World-Consistent Video Diffusion with Explicit 3D Modeling¶

Conference: CVPR 2025
arXiv: 2412.01821
Code: https://zqh0253.github.io/wvd
Area: Video Generation
Keywords: 3D-consistent generation, diffusion models, XYZ images, multi-view synthesis, depth estimation

TL;DR¶

This paper proposes WVD (World-consistent Video Diffusion), which jointly models RGB and XYZ images (encoding global 3D coordinates) by training a diffusion model. This design achieves multi-view consistent video generation under explicit 3D constraints, and unifies various downstream tasks, such as single-image 3D reconstruction, multi-view stereo, and camera-controlled generation, through a flexible inpainting strategy.

Background & Motivation¶

Background: Diffusion models have achieved great success in image and video generation, and multi-view diffusion models implicitly learn 3D consistency through attention mechanisms. Camera control methods (e.g., CameraCtrl, MotionCtrl) control the perspective by injecting camera ray map conditions.

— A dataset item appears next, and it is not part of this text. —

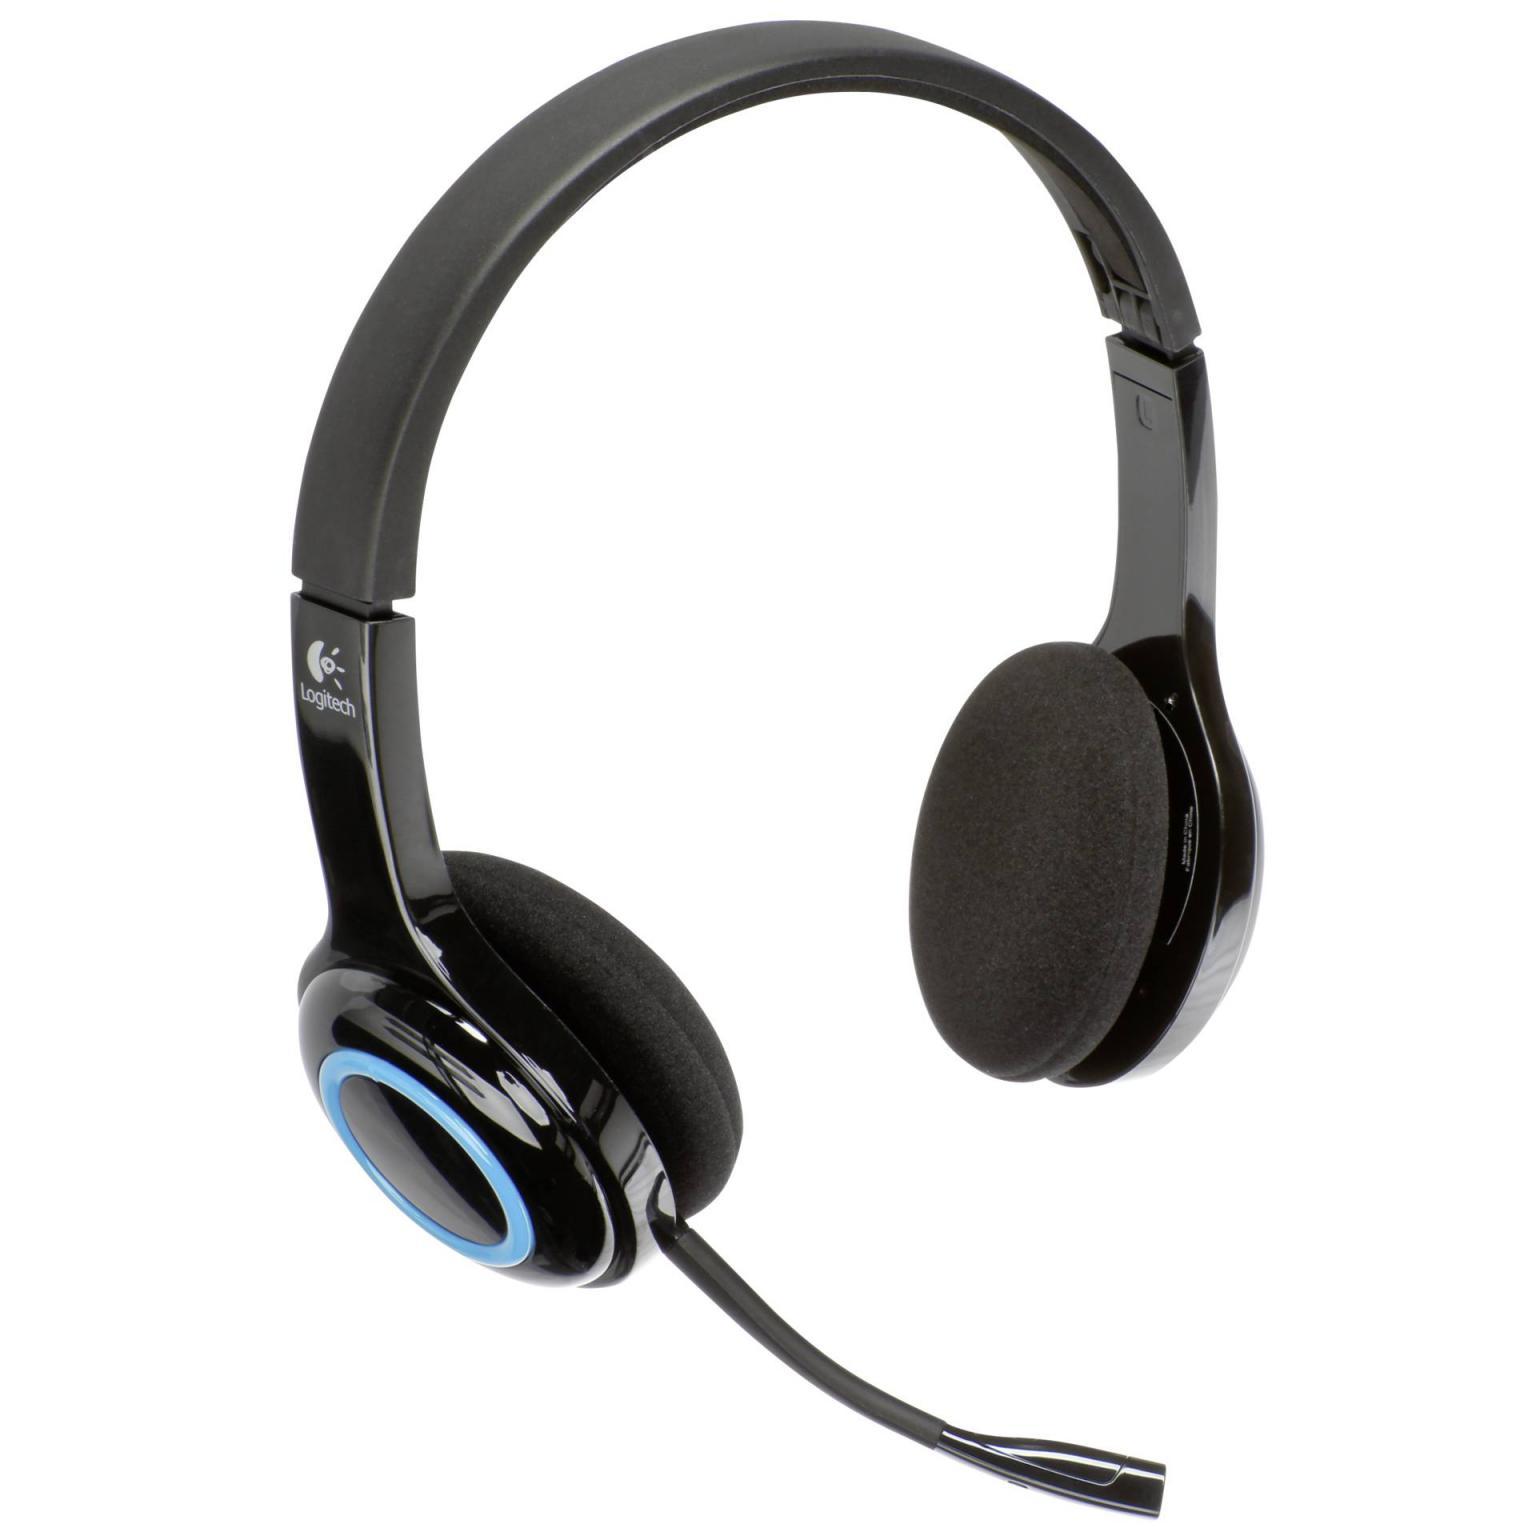 Logitech Logitech H 600 Cordless Headset USB

Limitations of Prior Work: (1) Implicit methods lack explicit 3D consistency guarantees, resulting in 3D-inconsistent artifacts even with large amounts of training data. (2) Reliance on camera ray inputs makes it difficult to scale to large-scale data, since fundamental ambiguities exist in camera representations across different datasets, requiring complex normalization. (3) Explicit 3D methods (e.g., volume rendering) are constrained by architectural limitations, making them hard to scale to complex data.

Key Challenge: To achieve 3D consistency in generative models, traditional implicit methods (learning across frames via attention) are unreliable, while explicit 3D methods (e.g., volume rendering) are incompatible with existing 2D Transformer architectures.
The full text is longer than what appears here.